Недаром существует поговорка: «Лучше один раз увидеть, чем сто раз услышать». Так что мифотворец просто в очередной раз расхваливает дело, к которому он приложил руку, и повышает культурный статус своего мифа, сравнивая его с произведением искусства . При этом описание ощущений (и последствий) от созерцания картин Босха совершенно замечательное, выполненное скорее в манере Джона Донна и раннего Бродского, чем модернистов.

Перейдем к следующей строфе:

Я прошёл двенадцать поприщ - сбиты ноги о булыжник,
Я прополз двенадцать стадьев - ногти сорваны о камни, 
И двенадцать лун восходит - в ноздри тухлая отрыжка, 
И двенадцать солнц садится на дорогу в пене ржавой, 
И два раза по двенадцать изменялся номер века -
Говорю вам только правду, как ни горько, правду, братцы: 
Ничего там не осталось - ни следа, ни человека, 
Только камни, только небо, только память, только Спарта!

В первых двух строках герой ролевой лирики, стараясь убедить нас, что он достоин доверия, поскольку полученный опыт стоил ему многих усилий и был соединен с разнообразными лишениями, говорит о них в торжественном тоне античной поэмы, хотя временами это звучит, как пародия: он, например, «прополз двенадцать стадьев », а это в переводе на привычные нам единицы измерения составляет около 2 километров – зачем нужно было столь странным способом преодолевать такую дистанцию и как это послужило осведомленности «ролевого «я»» относительно Фермопил, он не объясняет.

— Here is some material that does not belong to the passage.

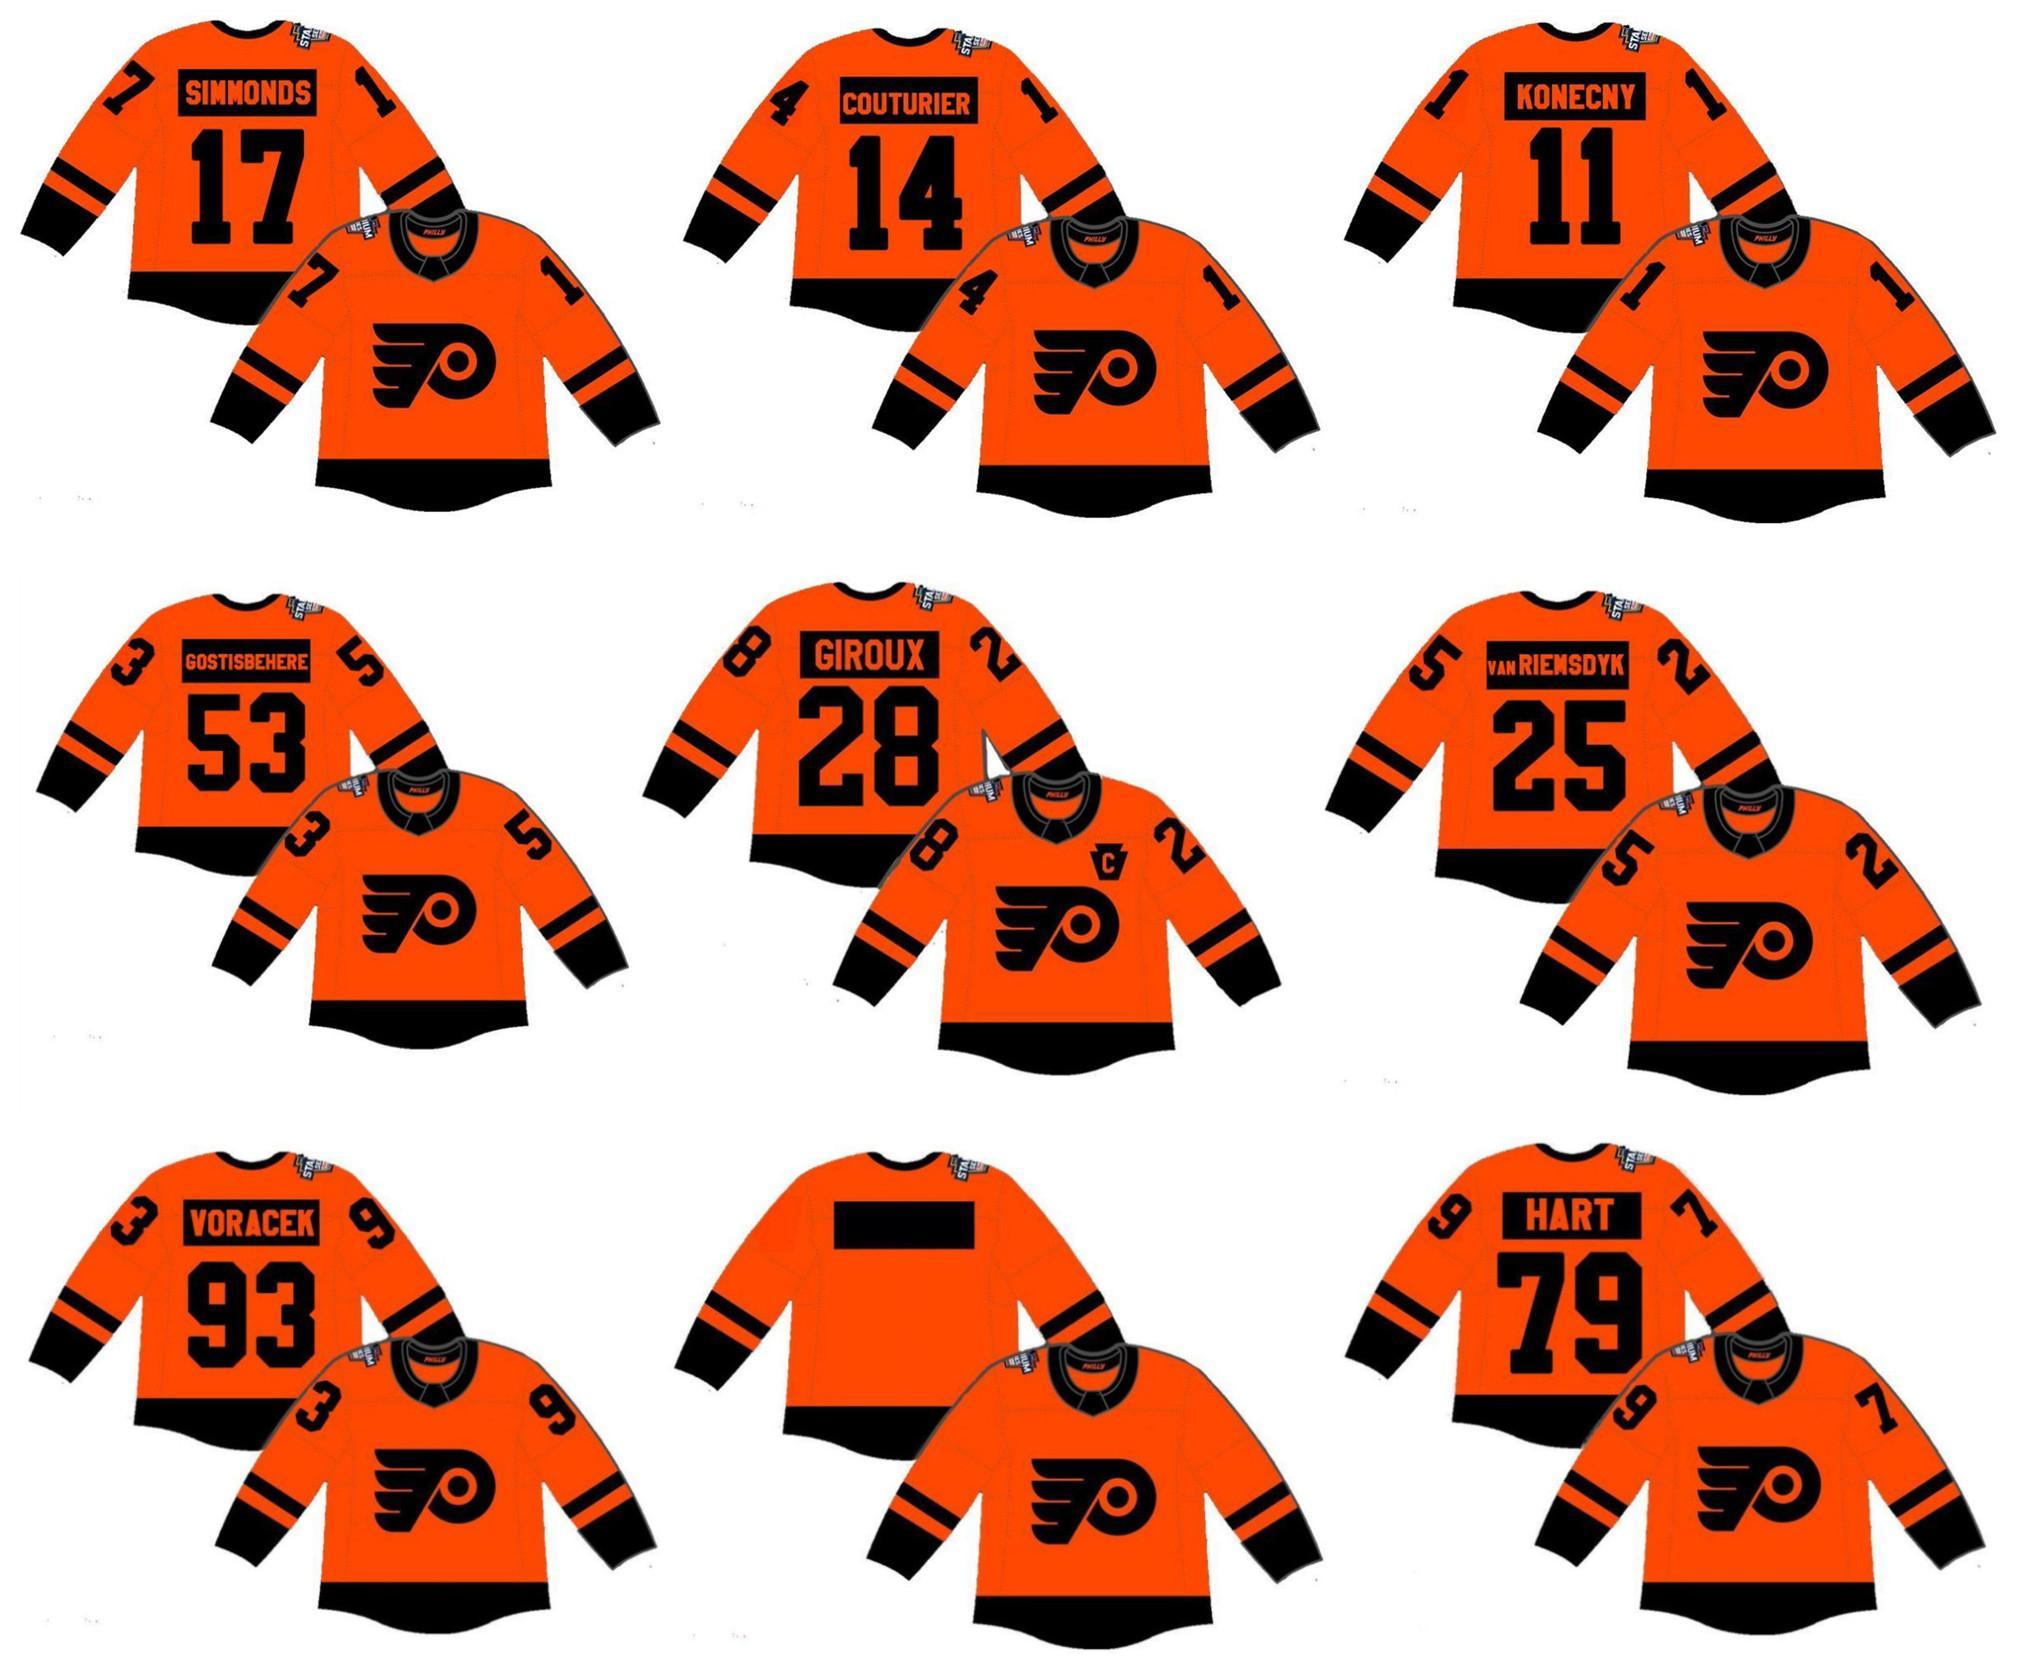 2019 Stadium Series Philadelphia Flyers Jersey 79 Carter Hart 19 Nolan  Patrick Wayne Simmonds Claude Giroux Shayne Gostisbehere Voracek Wholesale  Hockey ... 2e572b97c

А далее такими же высокими словами герой сообщает нам срок своего пребывания в Греции: И двенадцать лун восходит - в ноздри тухлая отрыжка,/ И двенадцать солнц садится на дорогу в пене ржавой» - говоря проще, этот срок – без малого две недели.

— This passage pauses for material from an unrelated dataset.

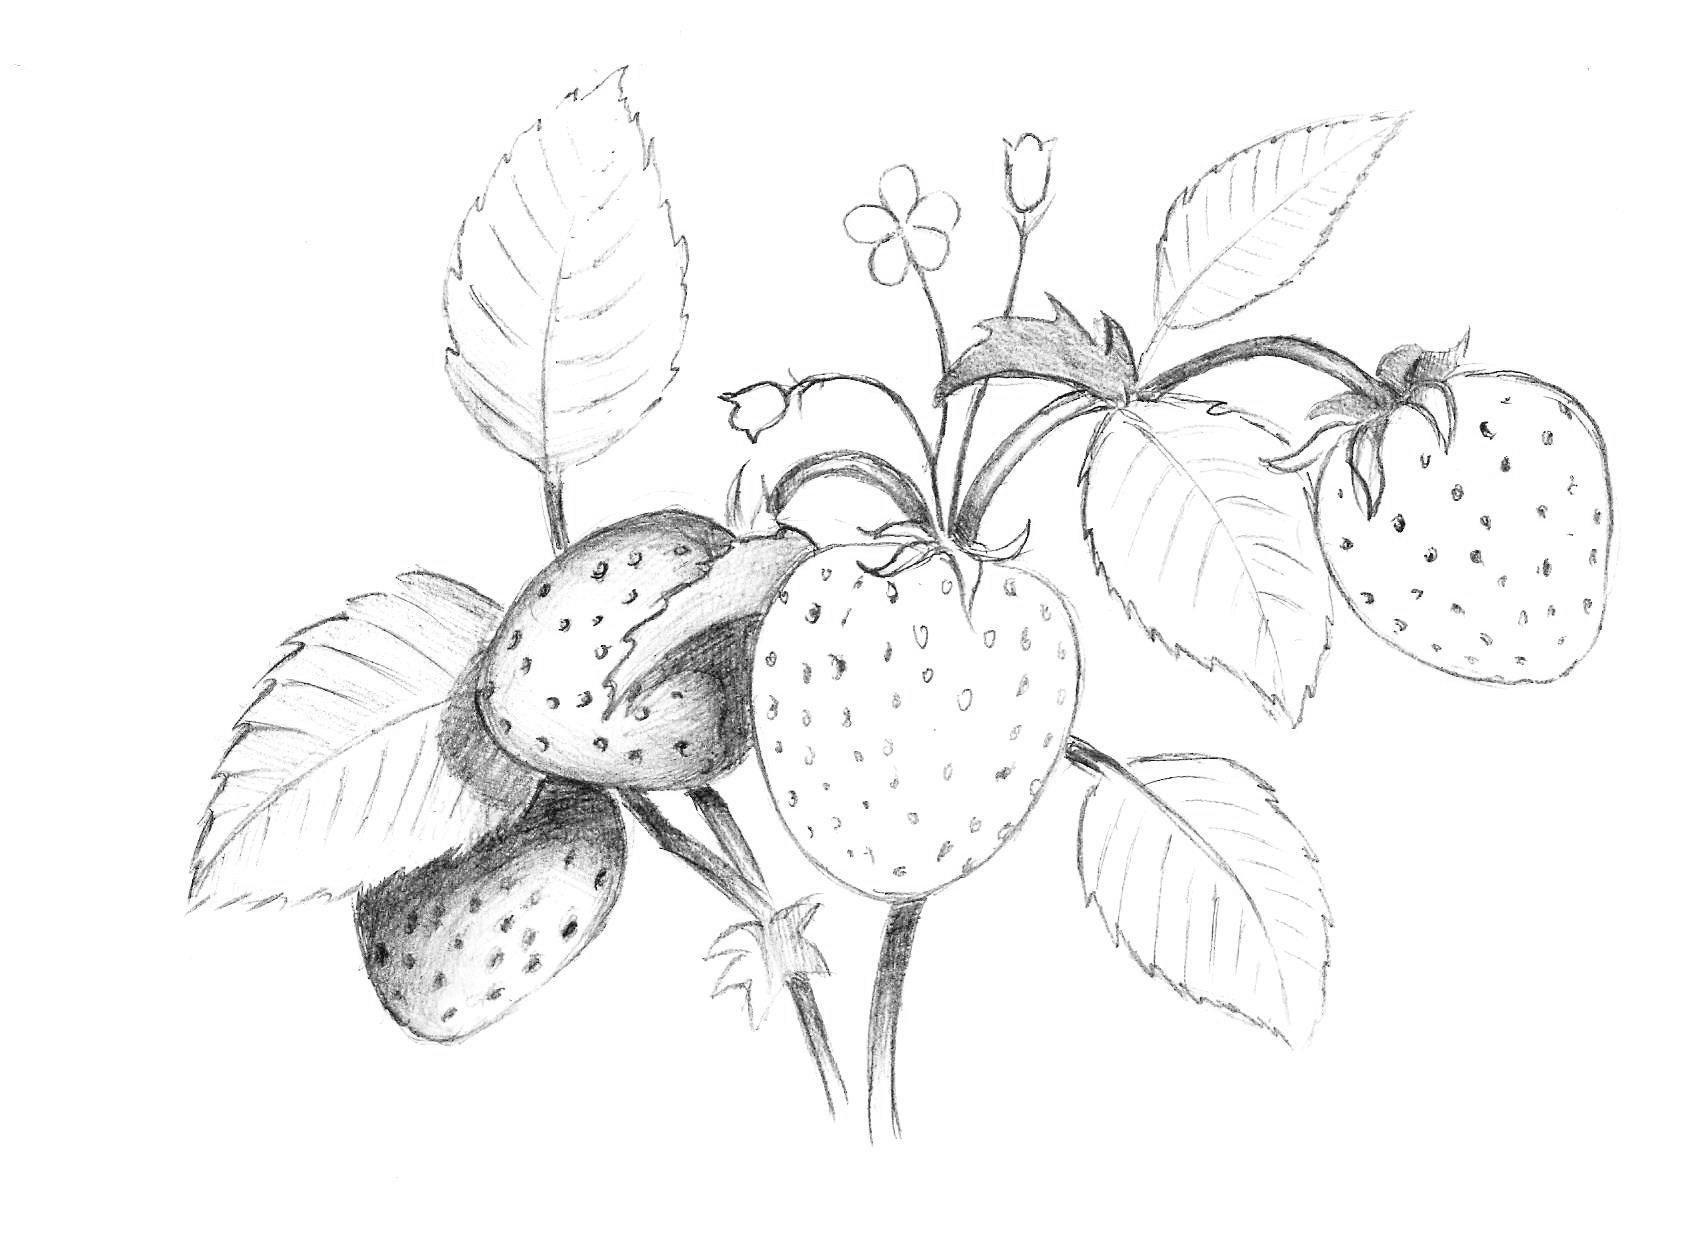 красавица рисуем карандашом ягоды картинки качестве

А далее мы узнаем, что он вынес из своего пребывания там: из всей истории Греции за 24 века для него оказался важен только подвиг спартанцев у Фермопил, и все в Греции напоминает ему об одном этом деянии. Таким образом , за рефреном: «Я там был» стоит двухнедельная поездка героя в Грецию, вероятнее всего в качестве туриста.

Перейдем к деталям. Число 12 у греков было сакральным; особое отношение к нему они унаследовали, скорее всего, от шумеров, которые разделили время полного оборота Солнца вокруг Земли на 12 частей и ввели представление о 12 знаках Зодиака. Так что это число, вместе с архаизмами «стадии» и «поприща», возможно, призвано создать некий колорит, дать ощутить неискушенному слушателю «аромат древности». «Ролевое «я»» очень выспренно описывает жизненные невзгоды, через которые оно несло слушателю легенду, приравнивая себя к участникам эпохальных событий и воспевая, в том числе, свою «тухлую отрыжку» как рефлексию истории. Здесь наблюдается отход от принципов имажизма, призывающего избегать многословия. Многократное повторение числа «двенадцать» - всего лишь риторический прием, к которому прибегает «ролевое «я»», чтобы усилить эффект от своей речи, он ничего не добавляет к семантике.

Шестую строфу завершает уверение в том, что от событий и людей, участвовавших в битве, не осталось никаких следов, кроме следа в памяти - впрочем, говорящий утверждает, что это компенсирует все, причем заявляет об этом в парадоксальной форме: «..ничего там не осталось… только память, только Спарта».

Обращение «братцы» - очередной сигнал, указывающий на то, что мы опять имеем дело с «ролевым “я”».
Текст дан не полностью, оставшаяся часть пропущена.